Iggeret HaKavod - Kol Nidrei Sermon 5780


Throughout history, in every time and place of Jewish life, rabbis have given voice to ideas through written letters to express and record matters of belief, practice, ethical and communal concern.  Sometimes these letters were written to individuals, who asked a specific question of the rabbi, and sometimes these letters were written to entire communities commenting or reflecting on the needs of the day.  Each Iggeret, each one of these rabbinic letters, is unique in style and subject matter based on the rabbi who gave it voice.   These letters were written out of a sense of leadership, of love and of responsibility to the Jewish communities to whom they were written. 

There are many rabbis whose letters we still read and study today, and Maimonides is probably best known for the many letters he wrote to various Jewish communities seeking wisdom and blessing.   His letters were not meant to be instructive in the way of “musts” - you must believe or do what I say, but rather they were guides, they were letters filled with mussar and Torah - with instruction and teachings, to provide a sense of comfort and to help the individual and community make decisions and find meaning and morality for themselves in the world in which they were living.

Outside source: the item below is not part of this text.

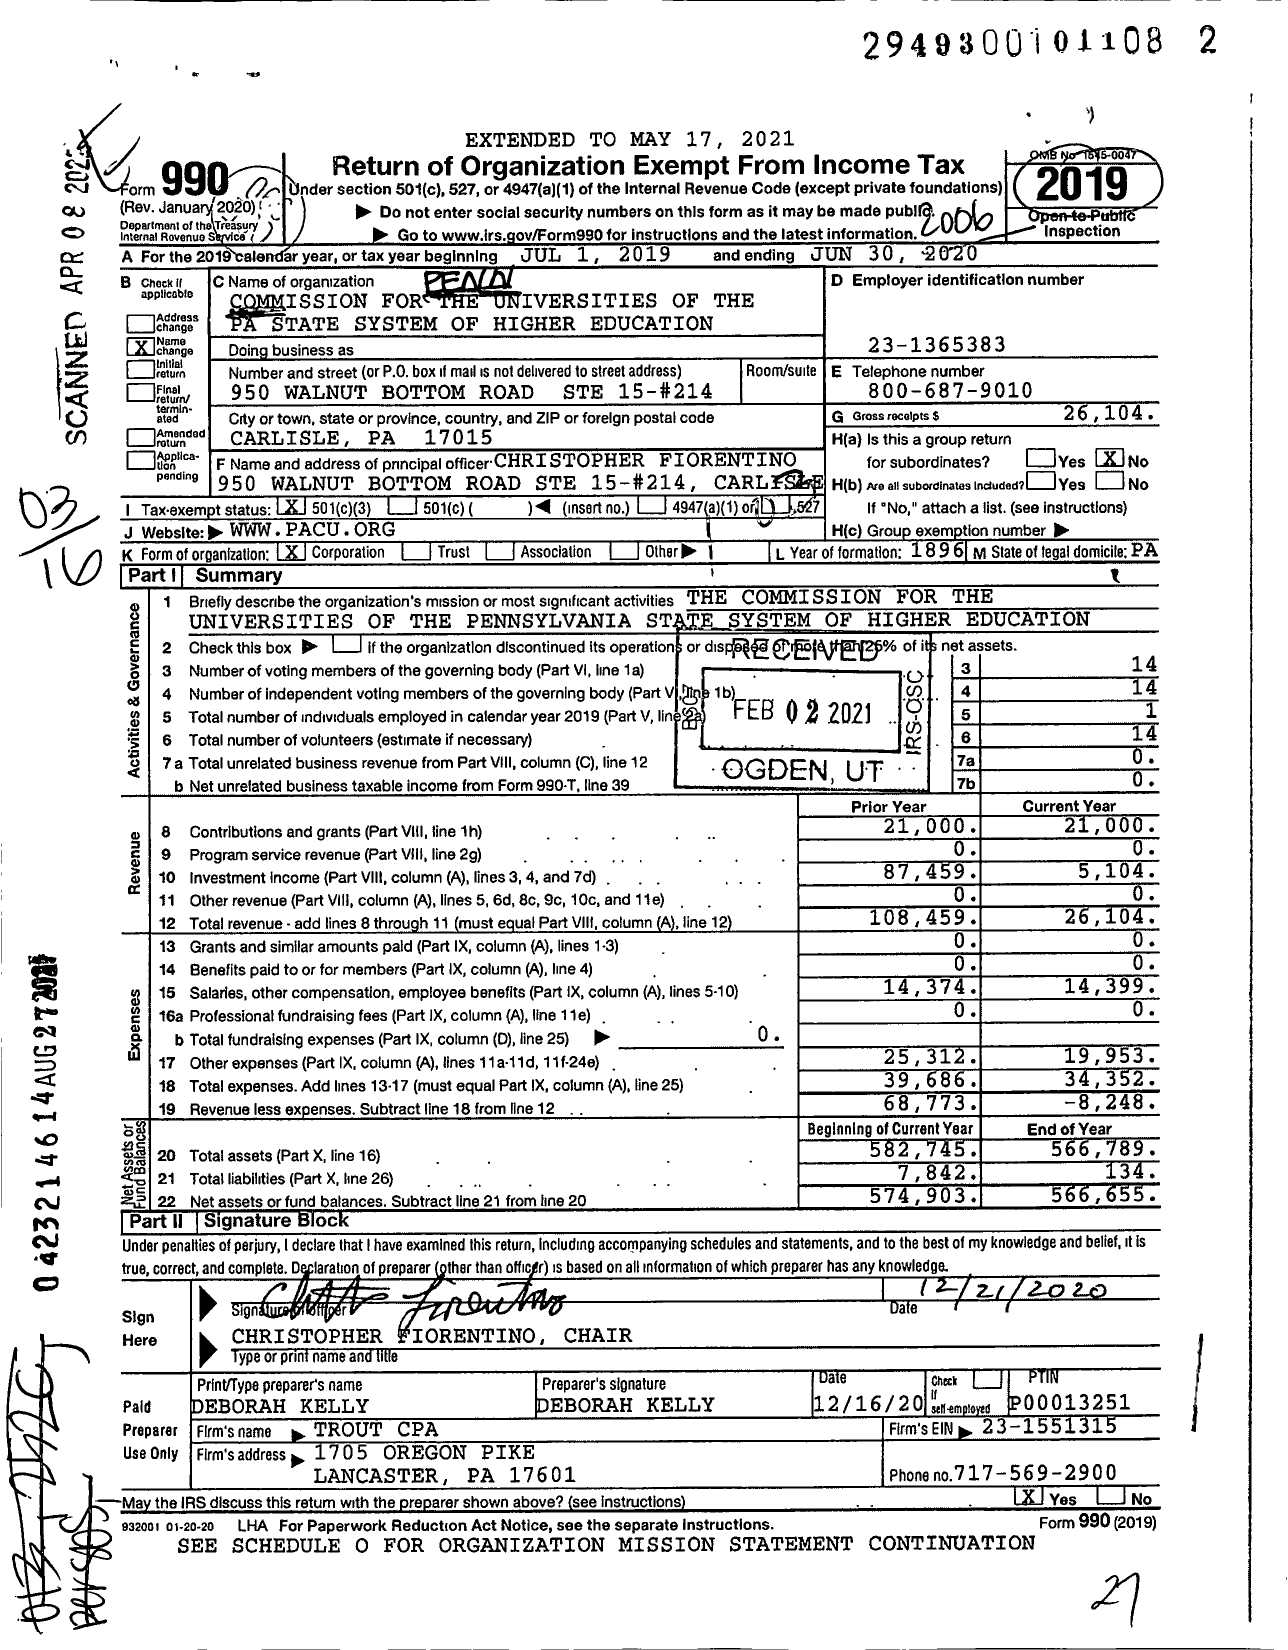 Image of first page of 2019 Form 990 for Commission for the Universities of the Pa State System of Higher Education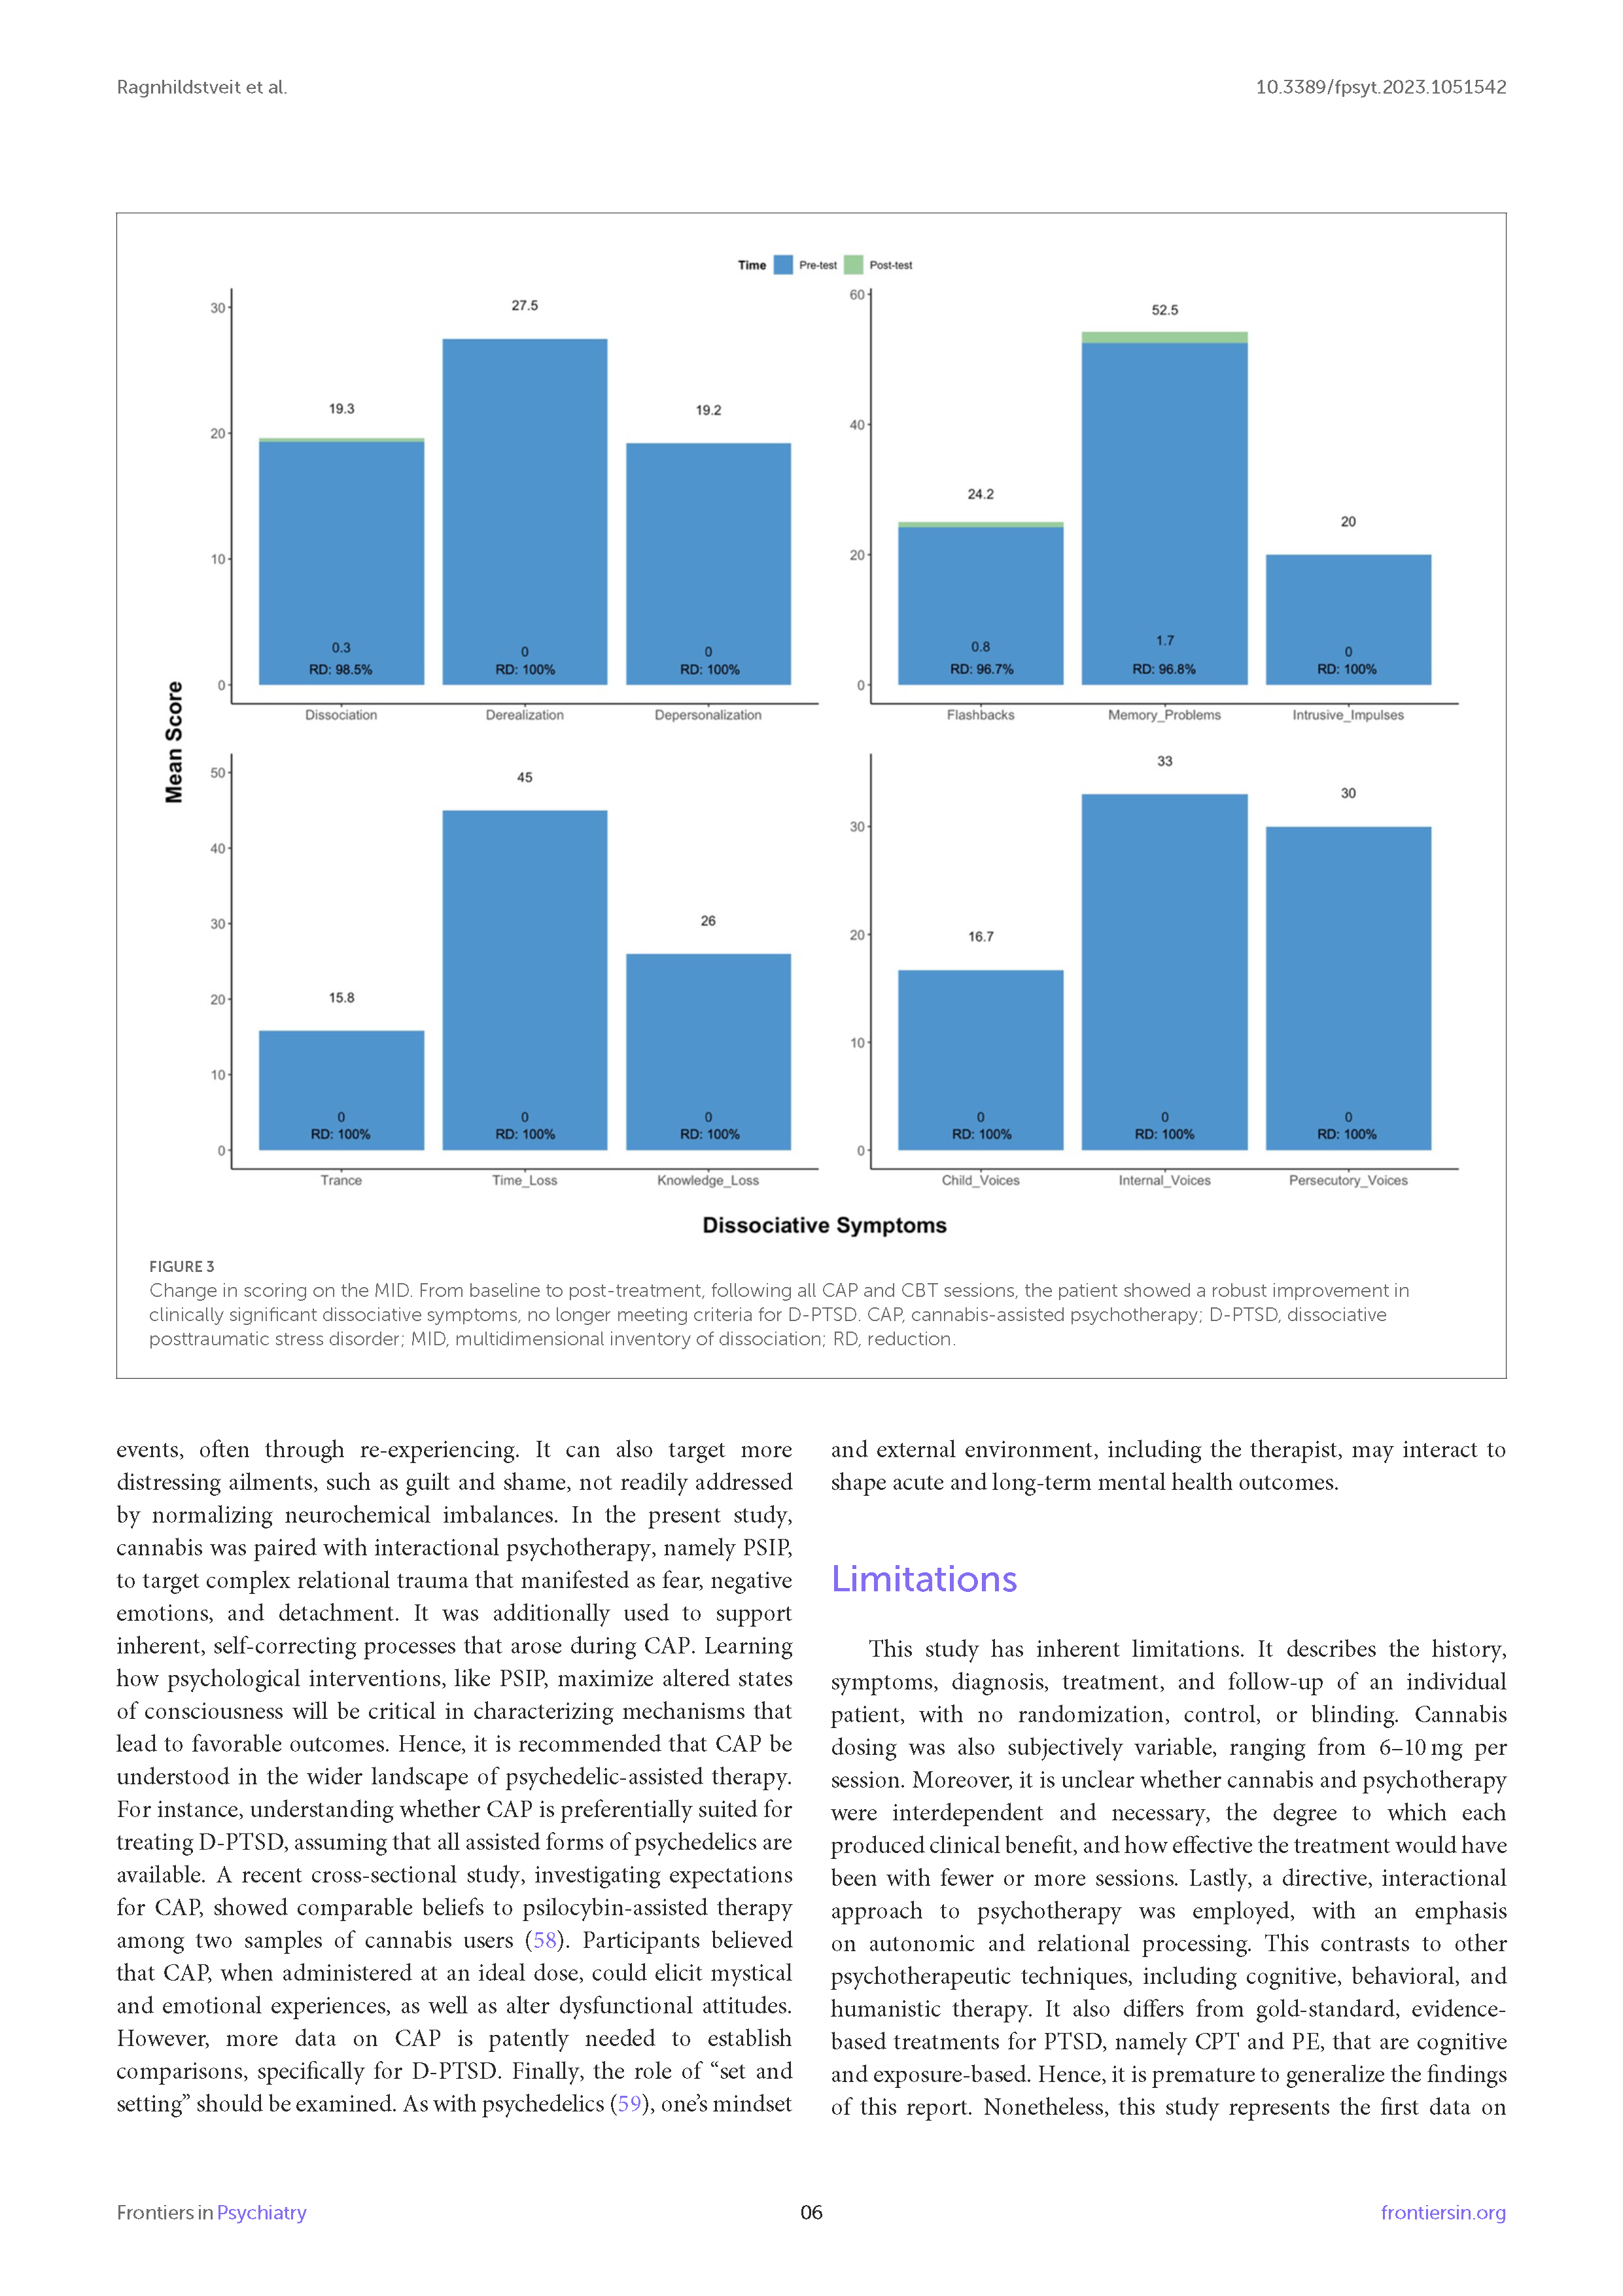 Cannabis-assisted psychotherapy for complex dissociative PTSD - A case report_Page_6.png

I share with you the concept of the Iggeret, the rabbinic letter, because the written word sometimes has power that spoken words do not. And, with the start of a new decade, 5780, I wish to try a new tradition, that of writing an iggeret, a letter to you, with the start of each new year, to reflect and comment on the world in which are living.  While I don’t see myself in the same light as the great rabbis whose letters we study today, I do believe that as a rabbi I have knowledge of Torah and our tradition, that help give voice to ideas and thoughts for us to consider as we, individually and as a community, try to navigate this world in which we are living and to make it just a little bit better than how we found it.   So, with this long-standing tradition, on this holy night of Kol Nidrei, I offer my Iggeret, my rabbinic letter to you.  

Dear UH family,
As we enter this new decade of 5780, I am excited by the possibilities that lie ahead for each of us as individuals and for all of us as a community.  There are the possibilities of learning, of growing, of making our world a better place.   And yet, I am troubled that we have allowed ourselves to forget some of the most fundamental teachings of the Torah and our tradition. Which in turn have caused us to distance ourselves from one another and have allowed our larger Jewish community to begin to fray at its seems.   We have lost the ability to talk with one another, to disagree with one another, and to respect and honor our individuality.  We have allowed the disagreements of our day to separate our Jewish community into an “us” vs “them.”    We have forgotten the very real difference between “I dislike your ideas” and “I dislike you.” 
We come from a great tradition of honorable discourse - loud, exuberant, passionate, respectful discourse.  The Talmud records the entirety of these arguments, and while the decision or the halachah often goes to the majority opinion, we still record, respect, and study the minority opinion recognizing that in it there is a kernel of truth from which we should be learning.   Our rabbis had raucous debates, and sometimes even they got out of hand, forgetting themselves, and causing harm to the larger Jewish community.
The Talmud records the following debate about the kashrut (the kosher status) of an oven.  Rabbi Eliezer and the Sages, led by Rabbi Joshua, argue over a new type of oven and whether it could become ritually unclean.  Each rabbi, in his argument, summons heaven to declare if he is right. One says, “If I am right, let the carob tree move” - and it moves;  another says, “if I’m right, let the stream flow backwards” - and it does;  and still another says, “If I’m right let the walls of the House of Study fall in” - and they fall in.  Rabbi Eliezer then summons a Heavenly Voice, “If I’m right, let the heavenly voice speak,” and it does. However, Rabbi Joshua rejects the Heavenly Voice using a line that we read tomorrow morning in our Torah portion, Nitzavim, “it is not in Heaven that someone else should go up and receive it.” He says, “since Torah has been given to us, it is up to us here on earth to decide the law, not the Heavenly voice.” The Sages then overrule Rabbi Eliezer with a majority vote.  (Bava Metzia 59b)
I think we all understand the concept of majority rules, however, when we continue reading this story in the Talmud, we come to learn that this great rabbi, Rabbi Eliezer was ostracized because he disagreed with the majority.  The powers that be were worried that his dissenting voice would lead others to believe the same and disagree with them; so, they pushed him away from the community by delegitimizing his arguments, by dishonoring him.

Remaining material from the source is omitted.